List, from the lines below, each one with "Womens" in it.

═══ Entries shown

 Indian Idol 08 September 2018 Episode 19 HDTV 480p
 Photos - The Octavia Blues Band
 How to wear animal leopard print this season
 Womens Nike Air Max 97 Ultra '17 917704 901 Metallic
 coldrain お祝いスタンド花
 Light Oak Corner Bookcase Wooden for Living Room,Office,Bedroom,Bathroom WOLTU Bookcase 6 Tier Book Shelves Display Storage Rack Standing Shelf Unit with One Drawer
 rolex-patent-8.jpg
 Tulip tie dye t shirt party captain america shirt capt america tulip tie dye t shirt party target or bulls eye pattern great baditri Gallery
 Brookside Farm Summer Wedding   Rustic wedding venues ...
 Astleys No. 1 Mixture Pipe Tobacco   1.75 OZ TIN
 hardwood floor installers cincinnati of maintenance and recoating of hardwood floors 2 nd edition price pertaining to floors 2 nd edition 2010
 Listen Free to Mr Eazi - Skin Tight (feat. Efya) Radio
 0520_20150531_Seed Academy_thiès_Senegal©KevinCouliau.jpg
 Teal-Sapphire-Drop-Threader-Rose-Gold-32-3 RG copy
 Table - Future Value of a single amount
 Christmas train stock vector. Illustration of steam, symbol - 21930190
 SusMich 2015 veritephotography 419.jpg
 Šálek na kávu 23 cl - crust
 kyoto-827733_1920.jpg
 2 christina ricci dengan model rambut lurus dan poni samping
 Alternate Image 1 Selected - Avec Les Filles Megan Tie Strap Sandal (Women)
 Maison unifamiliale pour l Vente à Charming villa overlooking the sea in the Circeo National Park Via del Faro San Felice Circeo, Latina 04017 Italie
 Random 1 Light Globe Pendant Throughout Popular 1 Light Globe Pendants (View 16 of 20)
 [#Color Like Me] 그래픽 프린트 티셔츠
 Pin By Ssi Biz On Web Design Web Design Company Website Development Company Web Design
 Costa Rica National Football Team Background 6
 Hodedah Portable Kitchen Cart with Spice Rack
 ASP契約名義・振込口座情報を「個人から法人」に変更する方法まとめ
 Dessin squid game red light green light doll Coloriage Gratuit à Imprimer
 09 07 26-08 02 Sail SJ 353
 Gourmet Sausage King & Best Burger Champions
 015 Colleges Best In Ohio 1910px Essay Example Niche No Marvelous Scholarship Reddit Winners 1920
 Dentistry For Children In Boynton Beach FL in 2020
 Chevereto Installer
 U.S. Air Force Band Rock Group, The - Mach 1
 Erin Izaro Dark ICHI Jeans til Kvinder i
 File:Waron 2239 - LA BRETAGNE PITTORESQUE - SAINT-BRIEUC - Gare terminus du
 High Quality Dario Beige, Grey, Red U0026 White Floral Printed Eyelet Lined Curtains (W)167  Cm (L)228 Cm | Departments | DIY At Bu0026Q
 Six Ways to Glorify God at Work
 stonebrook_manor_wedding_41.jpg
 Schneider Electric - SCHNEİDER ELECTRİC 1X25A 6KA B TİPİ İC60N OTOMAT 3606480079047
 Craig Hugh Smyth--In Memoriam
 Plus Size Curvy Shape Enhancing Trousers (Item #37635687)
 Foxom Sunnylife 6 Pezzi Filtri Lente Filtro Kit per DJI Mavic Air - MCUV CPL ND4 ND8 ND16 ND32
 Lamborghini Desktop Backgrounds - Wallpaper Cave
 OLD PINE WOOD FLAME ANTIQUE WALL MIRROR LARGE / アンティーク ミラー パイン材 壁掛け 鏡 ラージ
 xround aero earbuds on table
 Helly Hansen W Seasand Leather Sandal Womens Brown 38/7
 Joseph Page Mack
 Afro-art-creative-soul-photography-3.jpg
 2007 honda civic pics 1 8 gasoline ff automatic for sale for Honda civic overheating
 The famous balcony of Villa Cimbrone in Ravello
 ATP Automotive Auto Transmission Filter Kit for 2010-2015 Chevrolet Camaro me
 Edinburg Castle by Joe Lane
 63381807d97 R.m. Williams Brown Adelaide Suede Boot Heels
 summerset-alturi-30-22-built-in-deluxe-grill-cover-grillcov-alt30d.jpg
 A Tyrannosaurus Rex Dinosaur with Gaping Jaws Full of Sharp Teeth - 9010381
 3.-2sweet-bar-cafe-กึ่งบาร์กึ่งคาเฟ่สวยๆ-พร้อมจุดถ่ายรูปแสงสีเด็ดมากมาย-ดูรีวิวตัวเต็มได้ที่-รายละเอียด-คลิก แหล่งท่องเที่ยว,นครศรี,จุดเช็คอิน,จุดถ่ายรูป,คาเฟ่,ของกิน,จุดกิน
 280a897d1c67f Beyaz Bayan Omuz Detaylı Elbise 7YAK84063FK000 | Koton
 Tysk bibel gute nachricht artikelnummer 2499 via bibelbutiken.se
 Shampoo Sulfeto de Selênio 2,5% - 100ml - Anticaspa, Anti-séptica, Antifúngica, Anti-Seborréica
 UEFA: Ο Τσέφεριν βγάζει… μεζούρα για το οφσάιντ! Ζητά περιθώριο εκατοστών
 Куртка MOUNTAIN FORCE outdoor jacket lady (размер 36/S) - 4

══════

Solution for this exercise:
 Womens Nike Air Max 97 Ultra '17 917704 901 Metallic
 Helly Hansen W Seasand Leather Sandal Womens Brown 38/7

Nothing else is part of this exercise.